У меня мелькнула дикая мысль, что он продолжит: «Если Кирилл тебя обидел, я его убью».
Дело в том, что
в моем странном, разреженном браке происходят вещи, которые шокировали бы, наверное, других людей. Максим знает, что Кирилл – мой приятель, друг. Конечно же, в чем именно эта дружба заключается, Максим не знает. Вернее, мы не говорили об этом. Просто я встречаюсь по вечерам с бывшим коллегой из мира рекламы. Я не видела смысла скрывать Кирилла, устраивать из этого тайну. Ложь и умолчание – разные, по-моему, вещи. Никогда не стала бы нагромождать одну неправду на другую. Я не изменяю мужу, я выживаю. Моя вторая любовь укрепляет первую. Трудно объяснить, как так получается. Я могу жить изо дня в день только с Максимом.

- Все в порядке, - ответила я. – Усталость к концу года. Скорее бы улететь.

- Я тебя люблю, - серьезно сказал Максим. – Я хочу прожить всю жизнь только с тобой.

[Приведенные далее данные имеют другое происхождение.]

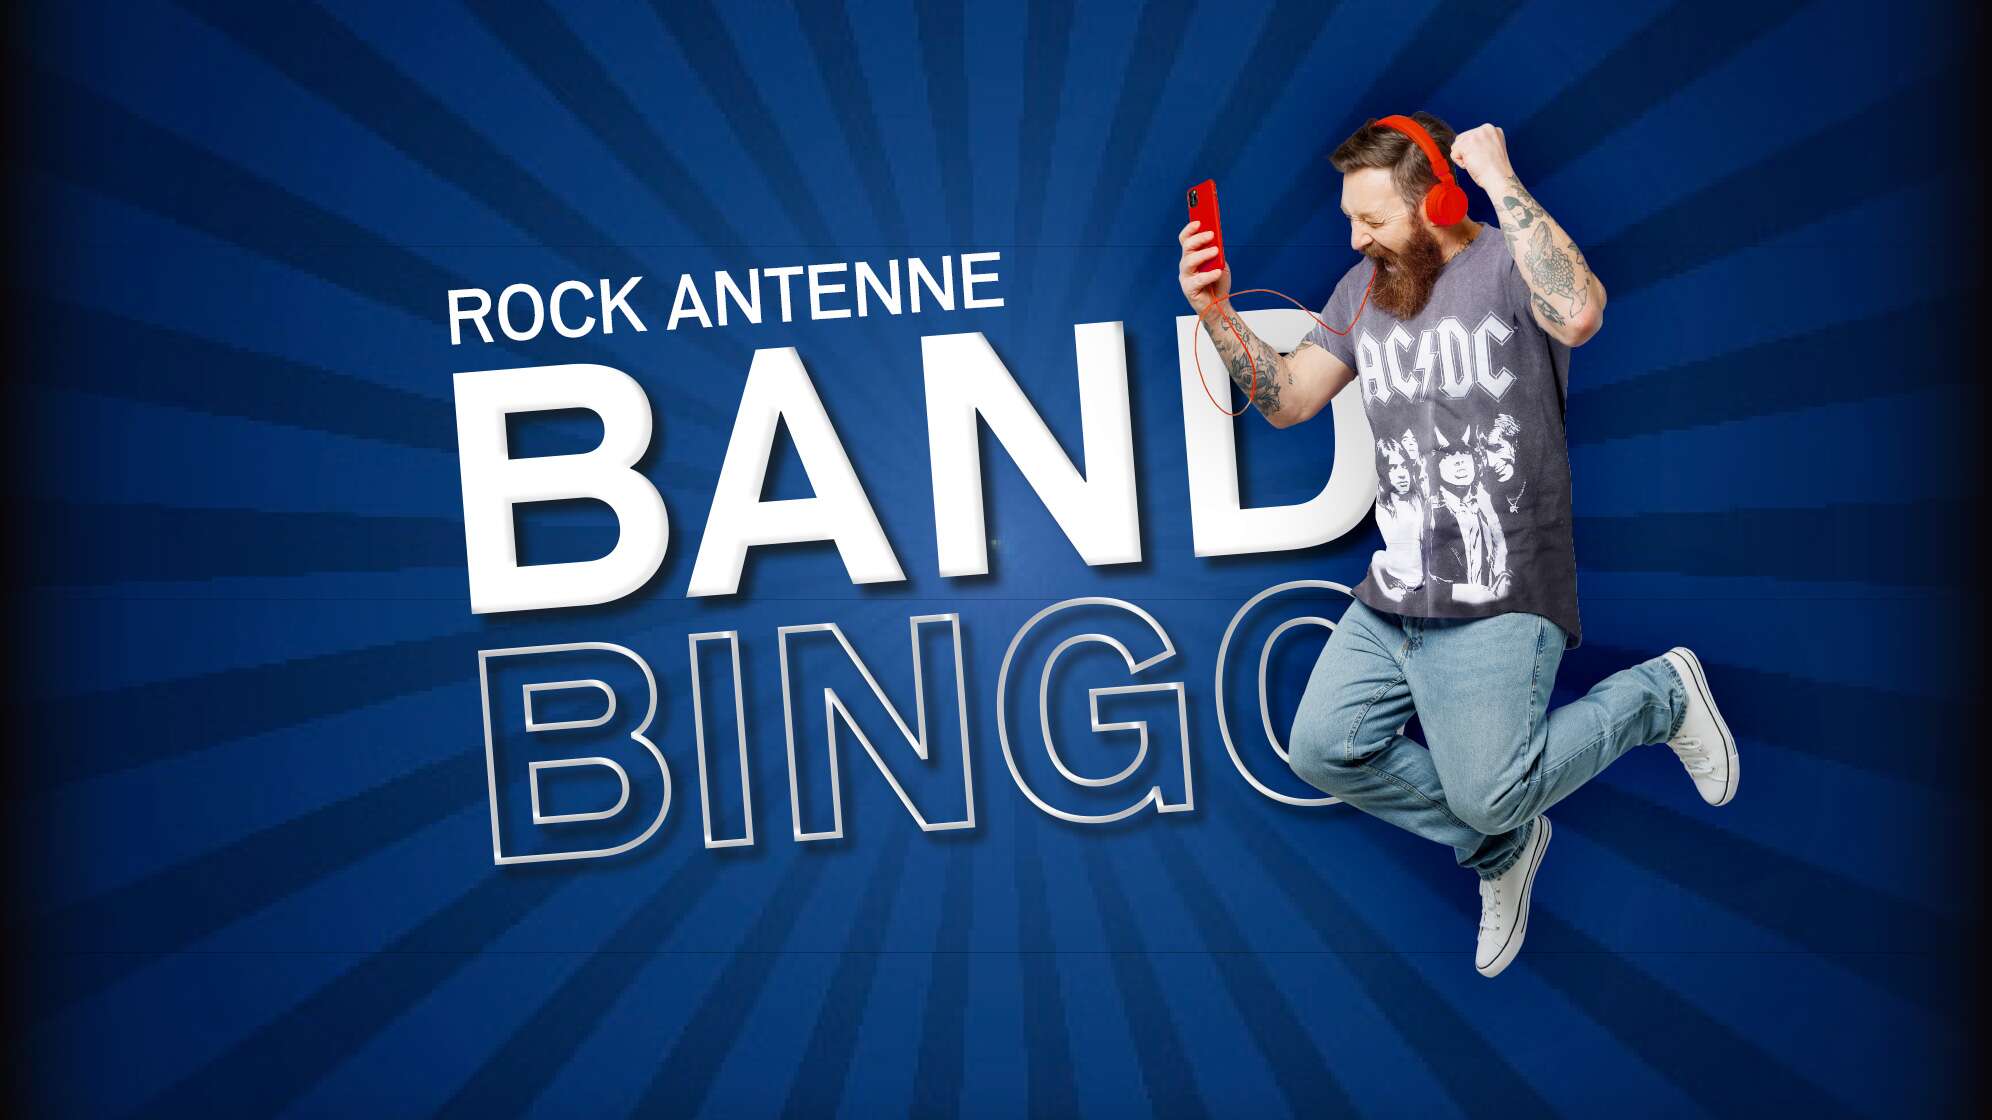 Ein jubelnder Mann mit AC/DC Shirt, Kopfhörern und Smartphone und dazu der Text "ROCK ANTENNE Band Bingo"

И обнял меня, шагнув мне навстречу. Меня охватило неистовое желание сказать ему, что я иногда тоскую по ребенку, которого у нас с ним никогда не будет, что мы могли ошибиться, что я завидую бестолковой жене Кирилла, потому что у нее есть дочка. Но я справилась с собой. Дождь отрезвил меня.  Низко перекладывать ответственность на любимого человека. Все важные решения мы принимали вместе, даже если принимали их молча.

- И я тебя люблю, - откликнулась я. – Сделать тебе кофе?

Через три дня мы улетели во Вьетнам и встретили Новый год уже здесь. Весь курортный поселок был феерически пьян, и я отплясывала на вечеринке серферов, бронзовых ясноглазых ребят из мира вечного Солнца. Максим болтал с крошечными вьетнамками, по сравнению с которыми казался гигантом – они не доставали ему даже до плеча. Я строила ему рожицы через весь танцпол. Мы вернулись в нашу маленькую виллу оглушительно счастливыми.

… Коммуникатор снова вспыхивает. Этак береговая охрана решит, что я подаю сигналы врагам социалистической страны.

«Я люблю тебя», - написал Кирилл. - «Вернешься, куплю мороженое».

Я улыбаюсь.

«Ванильное. Люблю тебя. Не мерзни!» - и мой ответ отправляется в путь в Москву.

Я тихо вхожу в домик. Прислушиваюсь. Максим посапывает, а, значит, крепко спит.

Но когда я осторожно опускаюсь рядом на кровать, он вдруг на миг выныривает из глубин снов и совершенно ясным голосом говорит:

- Вера, я тебя люблю.

И вновь засыпает.

Я тебя люблю, я тебя люблю, я тебя люблю.

Я стою у кованых ворот, преграждающих вход в мой тайный сад, окутанный дождем. Сад принадлежит только мне.

Или нет? Почему я решила, что дождь идет только в моей душе?

Я распахиваю изящные створки, и мужчины входят в мой мир. На их волосах оседают влажные снежинки. Мне нужно было сделать этот шаг давным-давно.

Я беру Максима и Кирилла за руки, и мы не спеша уходим вглубь сада, в дождь, в сумерки, и мокрый снег скрывает наши следы.

(Я тебя люблю, я тебя люблю, я тебя люблю.

Я стою у кованых ворот, преграждающих вход в мой тайный сад, окутанный дождем. Сад принадлежит только мне.

И я вернусь сюда, вернусь, уйду в его глубины, оставляя исчезающие следы на мокром снегу.

Но сейчас не время грустить под зябким дождем. Я дотрагиваюсь до изящных створок, замираю на миг, а потом распахиваю ворота и, не оглядываясь, выхожу из сада к ждущим меня Максиму и Кириллу).